Exercise aim: Starting at the line that contains "dog sitting on wood floors Stock Photo", transcribe each line exactly through the end of the data below, and skip any pictures.

Information supplied:
---------------

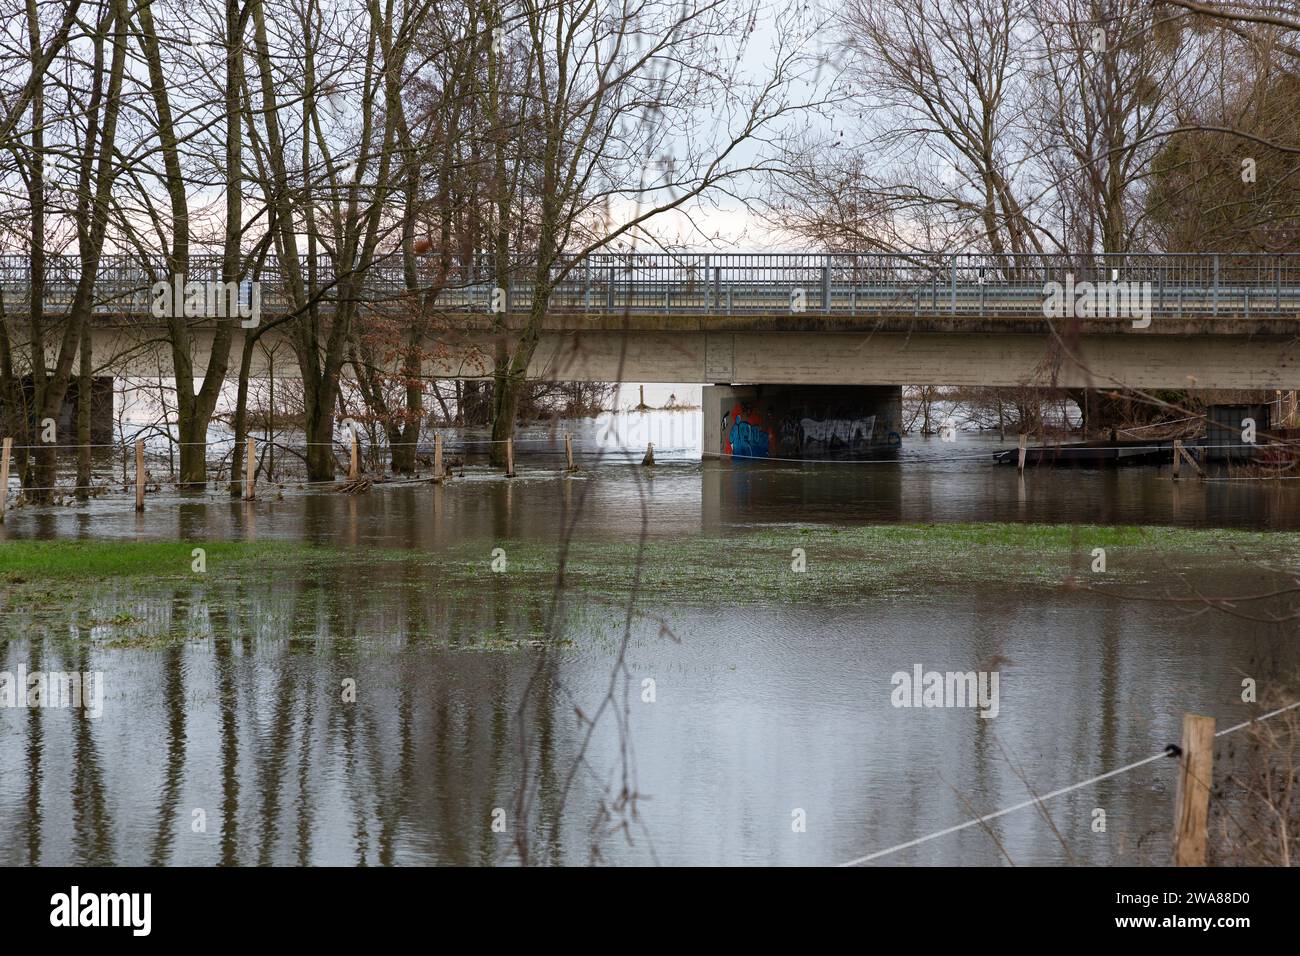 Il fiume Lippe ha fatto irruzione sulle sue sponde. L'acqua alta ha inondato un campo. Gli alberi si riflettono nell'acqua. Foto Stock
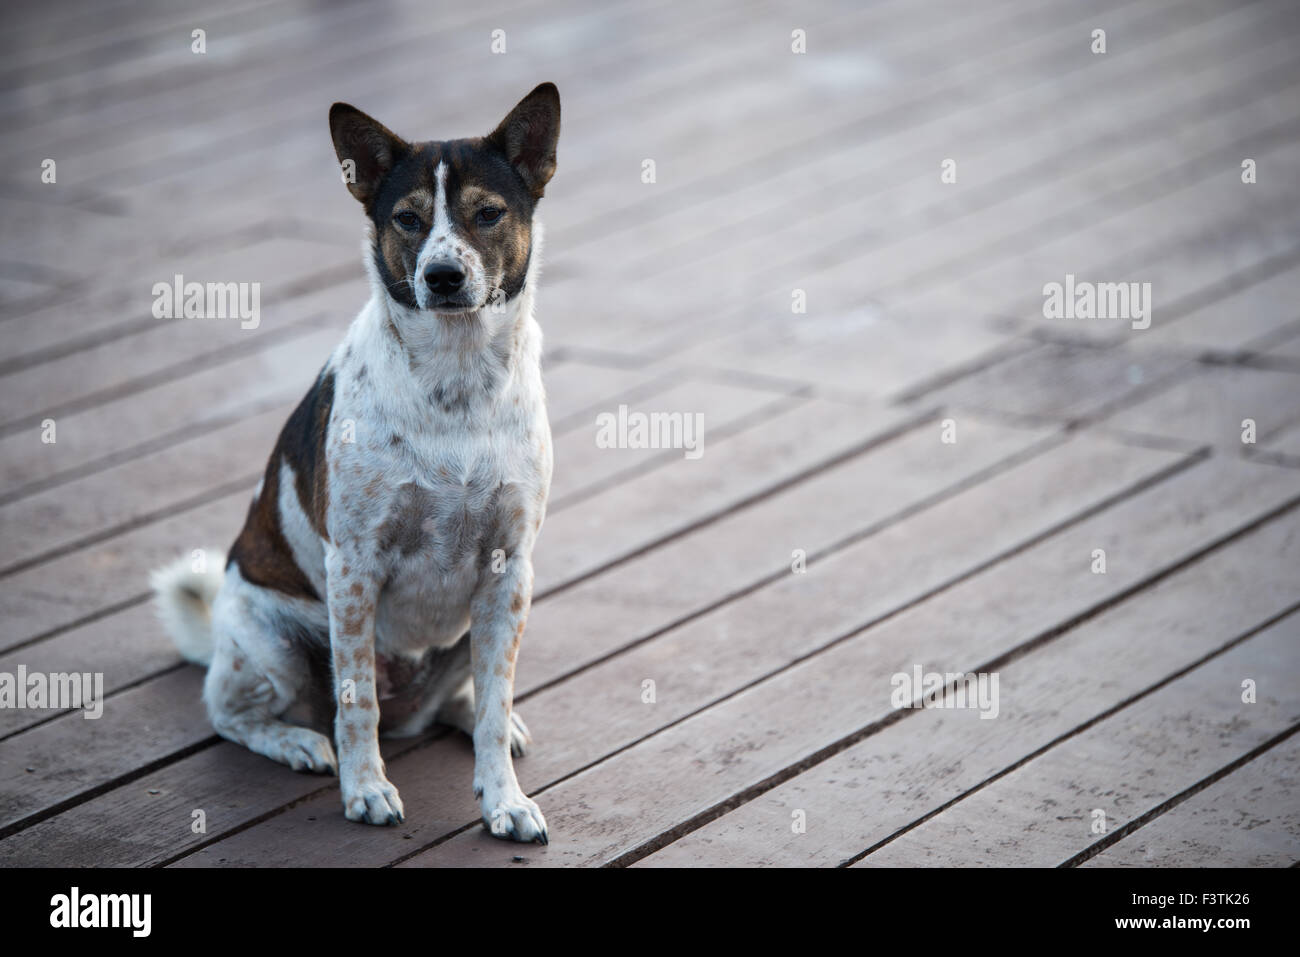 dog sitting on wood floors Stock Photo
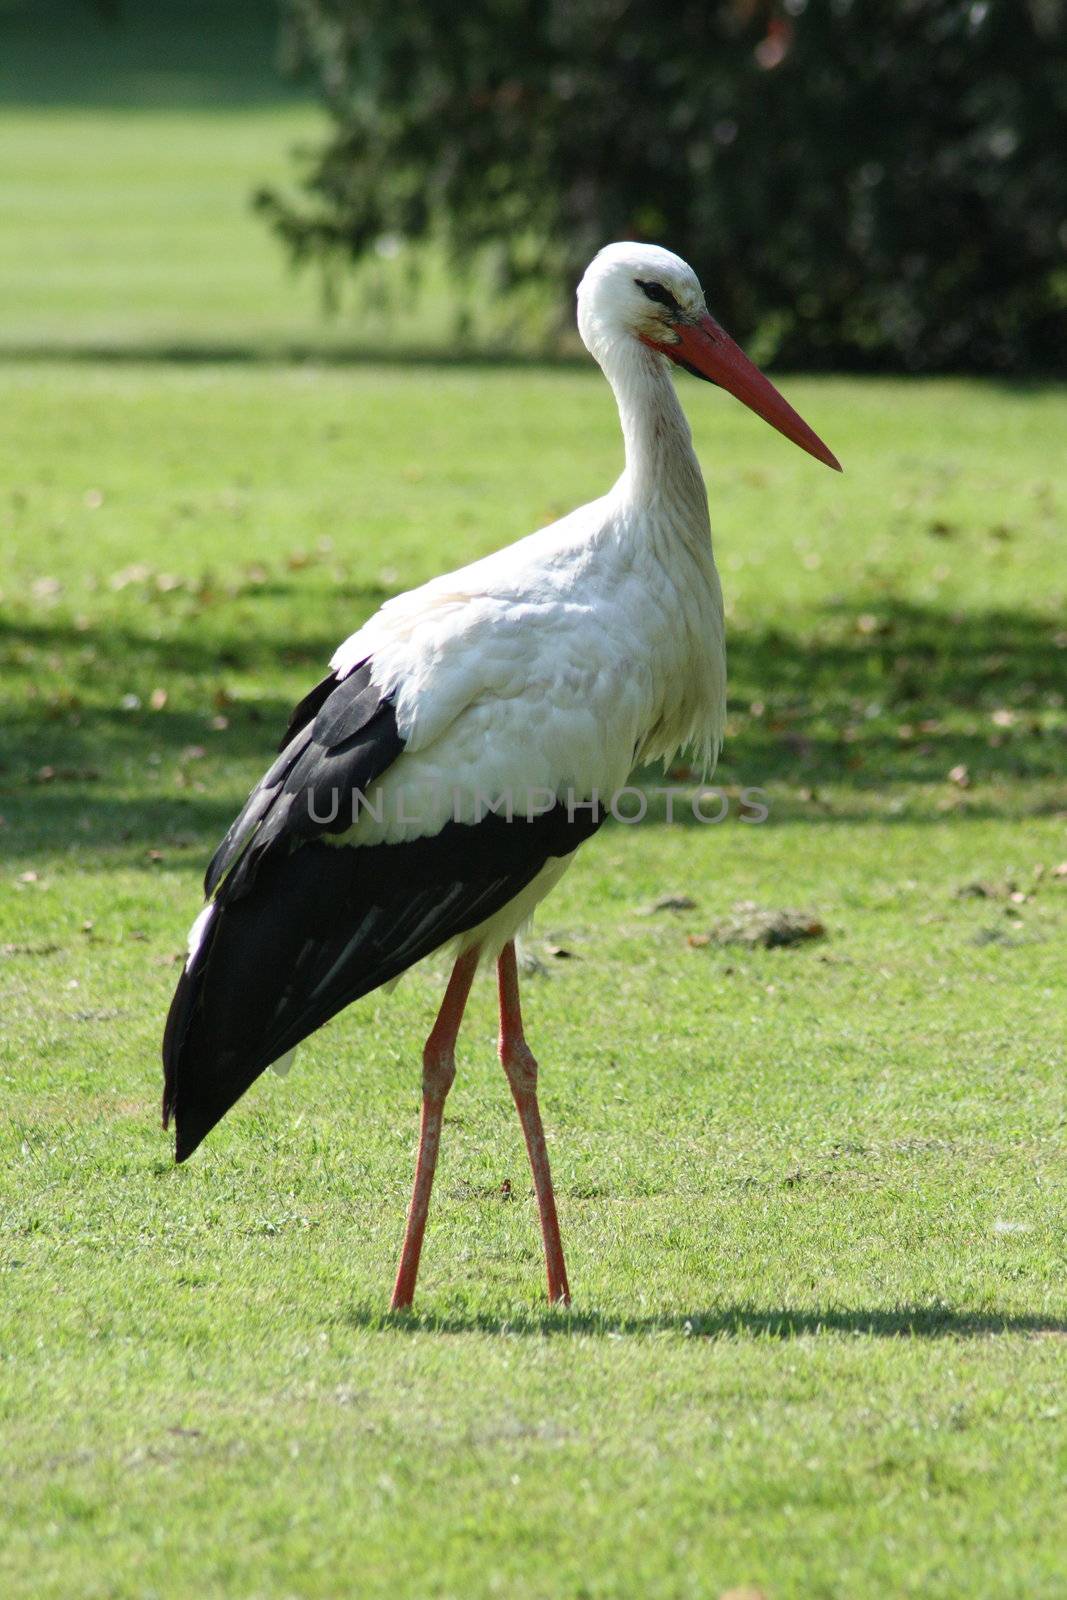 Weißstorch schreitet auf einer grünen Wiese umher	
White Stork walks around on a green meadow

---------------

Exercise result:
 dog sitting on wood floors Stock Photo
 Weißstorch schreitet auf einer grünen Wiese umher	
White Stork walks around on a green meadow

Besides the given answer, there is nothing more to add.